European collateralised debt obligation (CDO) managers are likely to target leveraged loans this year, said the European structured finance ratings unit of Standard & Poor's (S&P) today.S&P expects the bulk of European cashflow CDOs this year to be backed by European leveraged loans, with new managers entering this asset class. In 2003, CDO managers are expected to target mezzanine loans as assets in portfolios of leveraged loans in place of senior secured leveraged loans.

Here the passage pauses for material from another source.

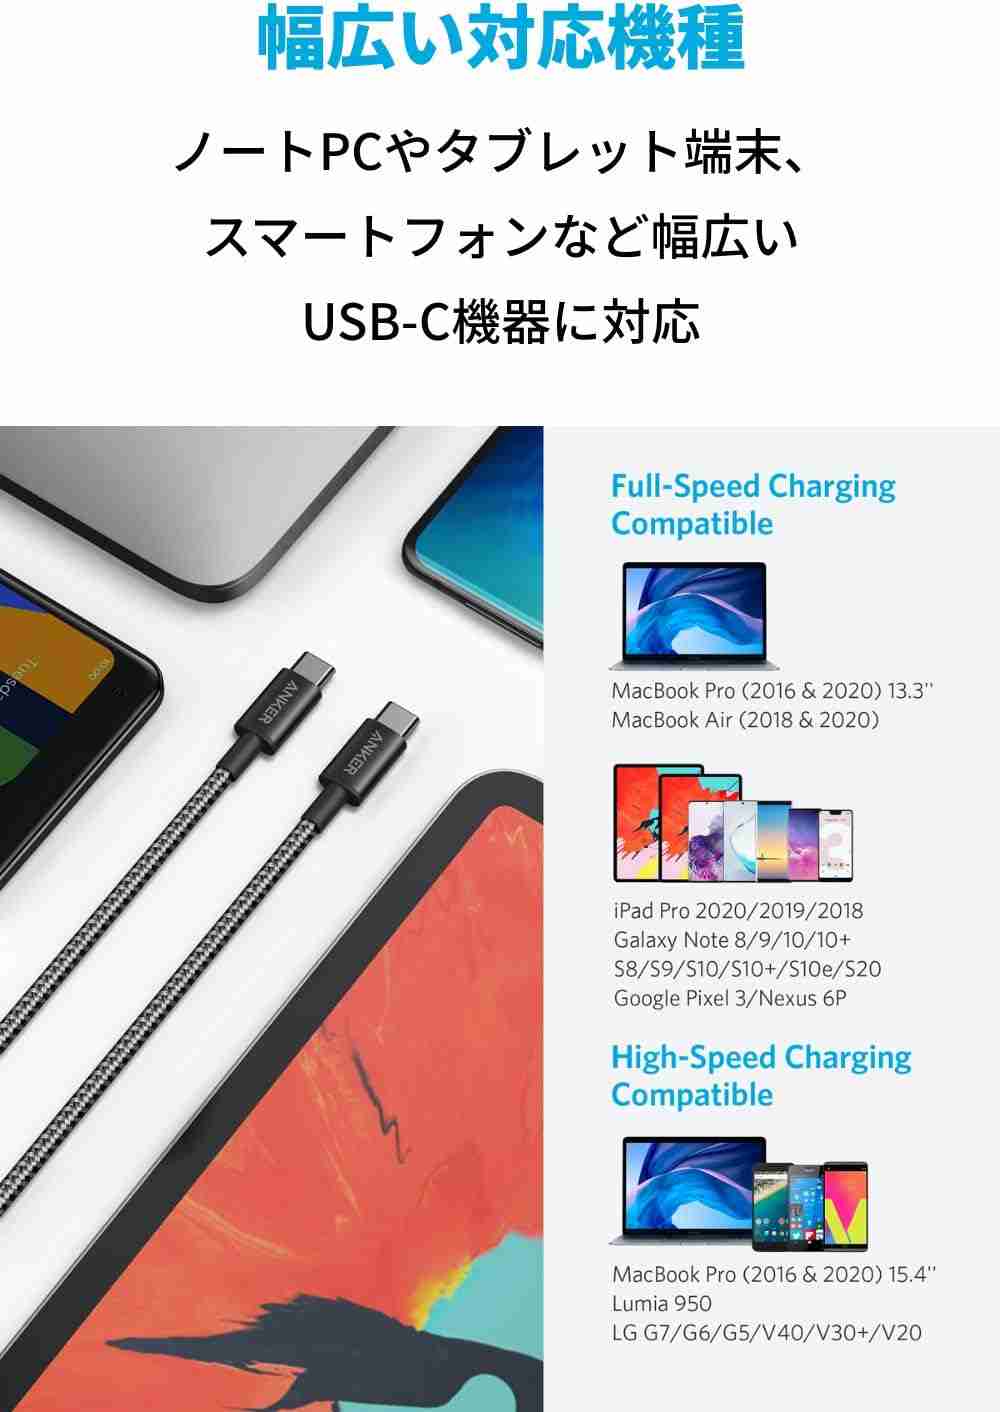 アンカー「Anker NewNylon USB-C to USB-C Cable 2.0 60W」は汎用性の高さが魅力

"As the CLO (collateralised loan obligation) market matures and more tailored structures are sought, there is growing interest in structuring transactions that offer a much higher mezzanine loan component," said Stroma Finston, a director at Standard & Poor's European structured finance ratings group, in London. "Standard & Poor's expects that at least one CLO backed only by mezzanine loans will be brought to market in 2003." But the agency added that the number of CDO transactions brought to market in 2003 will depend on the availability of the collateral.

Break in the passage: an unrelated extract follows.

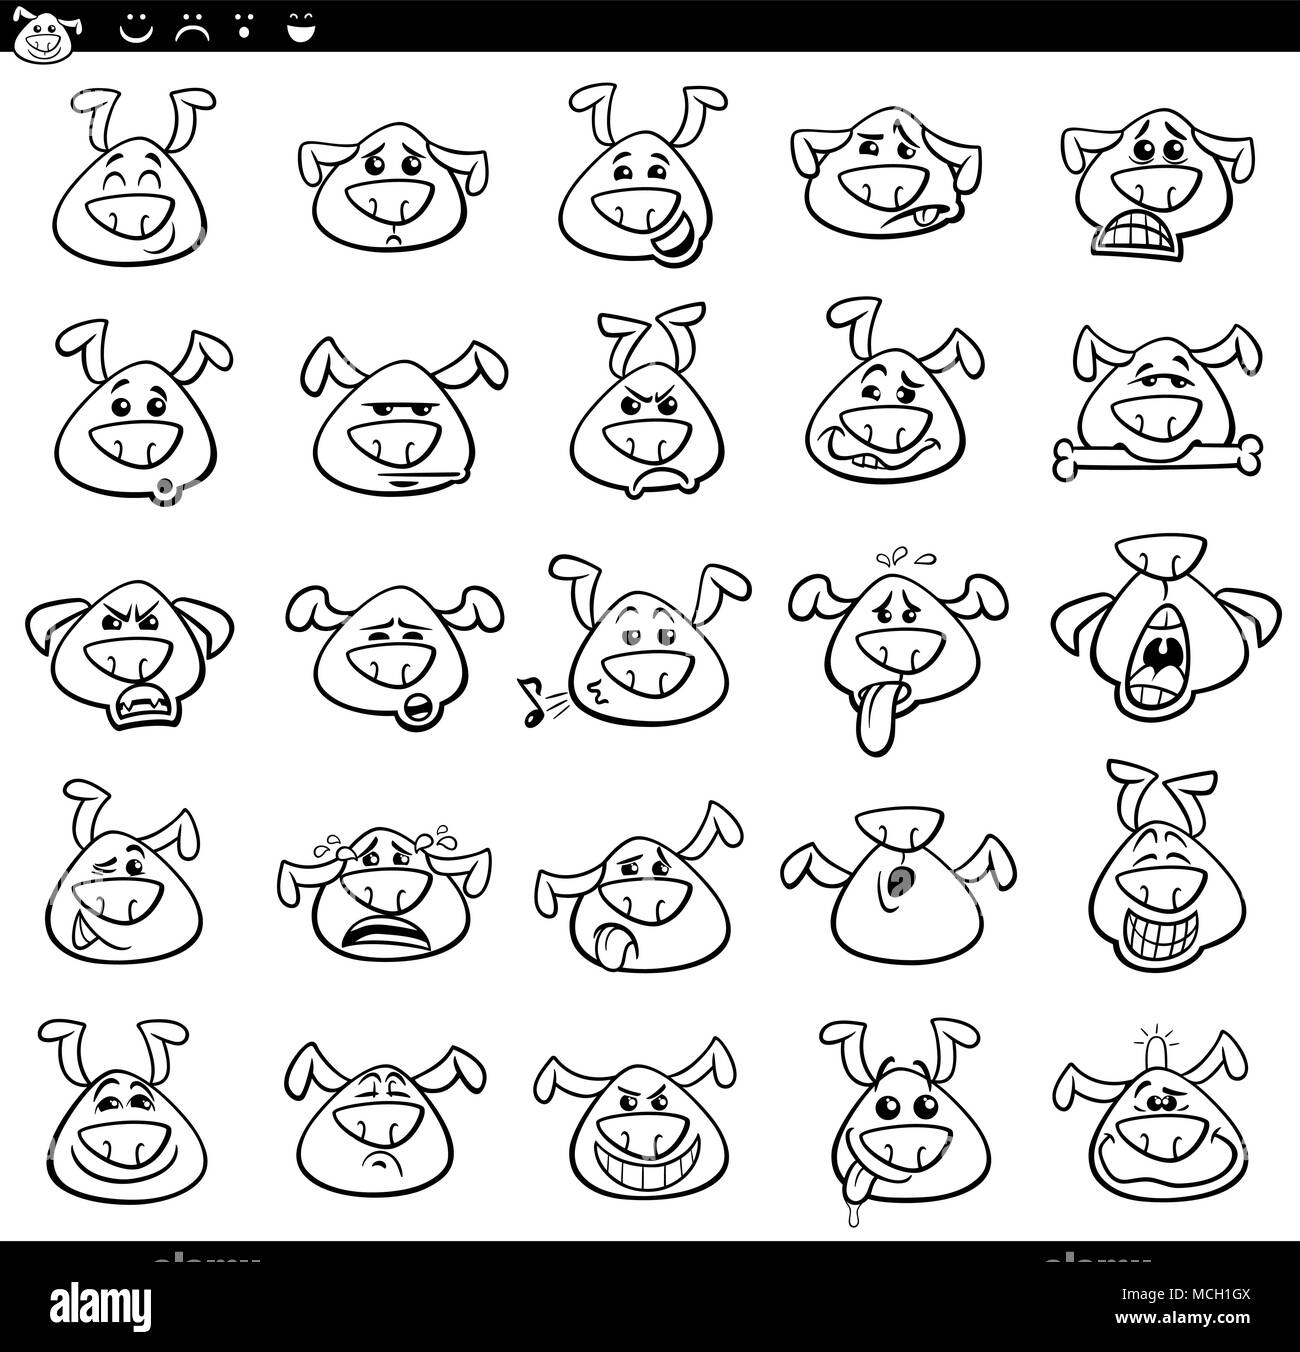 Schwarze und Weiße Cartoon Illustration der Lustige Hunde den Ausdruck von  Emotionen oder Emoji Icons einstellen Stock-Vektorgrafik - Alamy

"During 2002, the proportion of leveraged loans in the portfolios increased at the expense of bonds, demonstrating European CDO managers' growing interest in leveraged loans," said Finston.

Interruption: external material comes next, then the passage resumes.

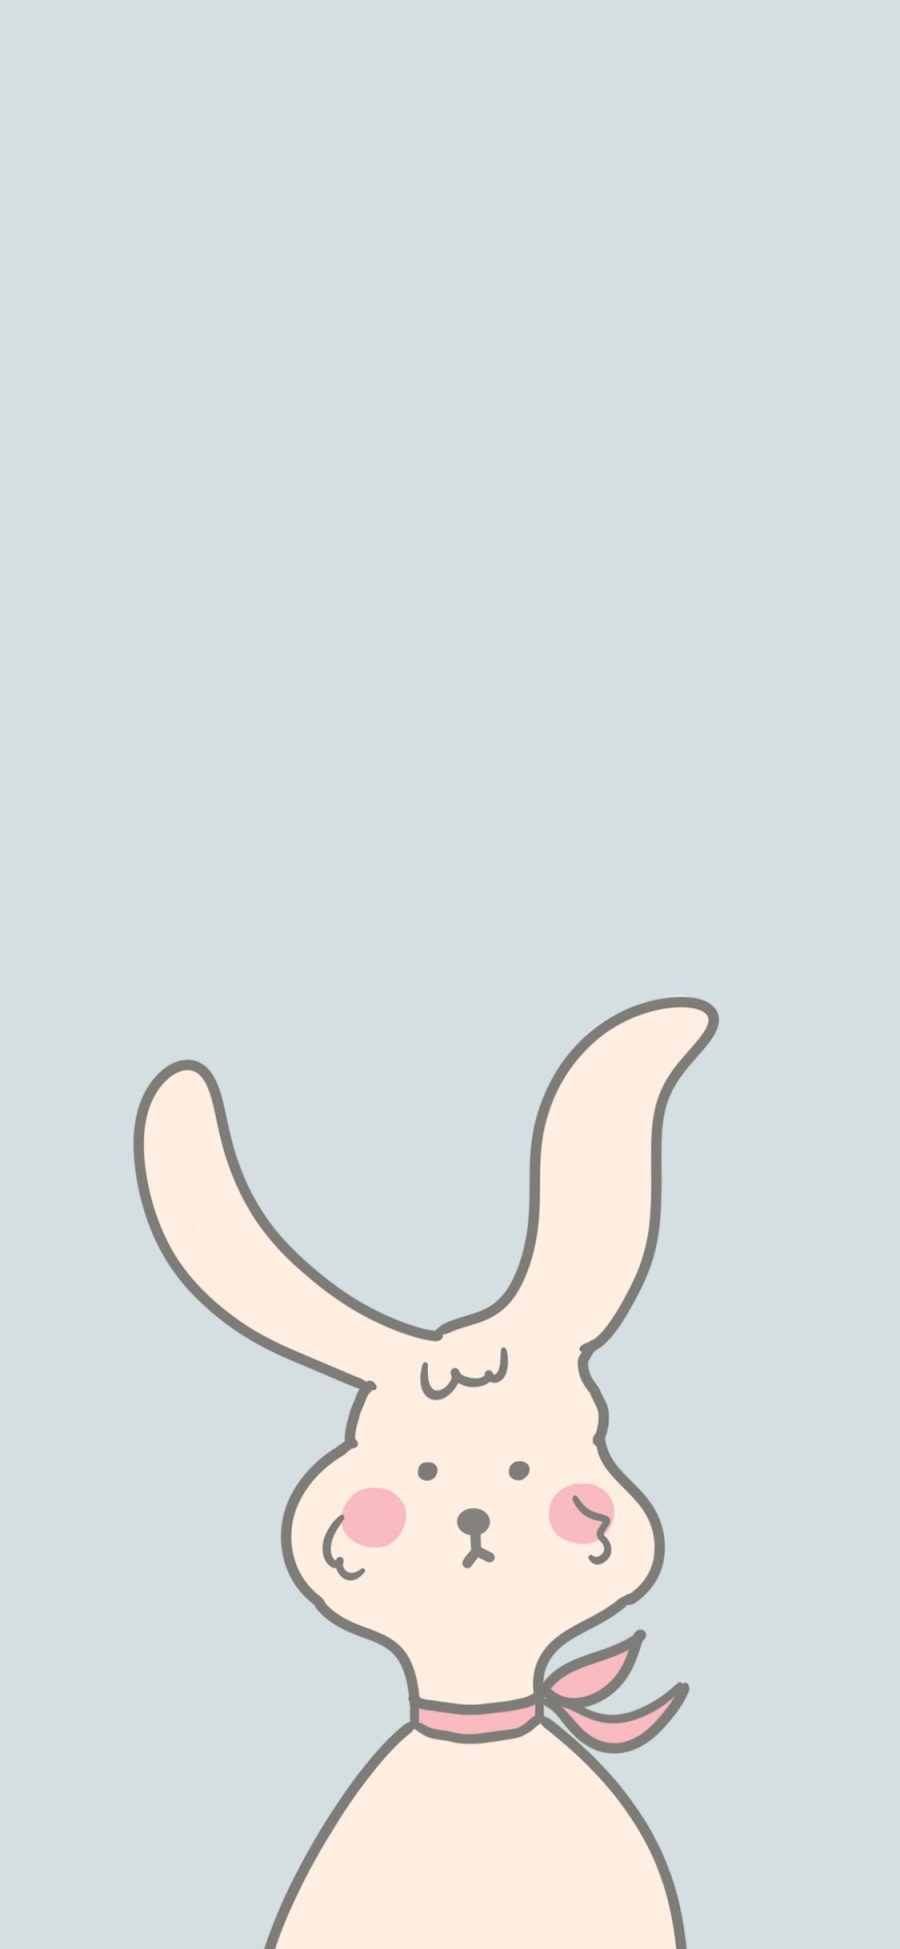 [2436×1125]可爱 兔子 简约 简笔画 苹果手机动漫壁纸图片

In 2002, S&P rated a total of six CDOs backed by leveraged loans, with an aggregate pool size of €1.9 billion. In the six related portfolios, leveraged loans made up anywhere from 63% to 100% of the total portfolio, with a weighted-average proportion of leveraged loans of about 88%.
The agency took a rating action on only one transaction: the long-term ratings on Concerto I BV's class A and B notes were lowered in the quarter due to some deterioration in the credit quality of the pool, and because a number of coverage tests were not met. However, the deterioration in credit quality and par erosion of the portfolio was due more to the performance of the bonds than the loans.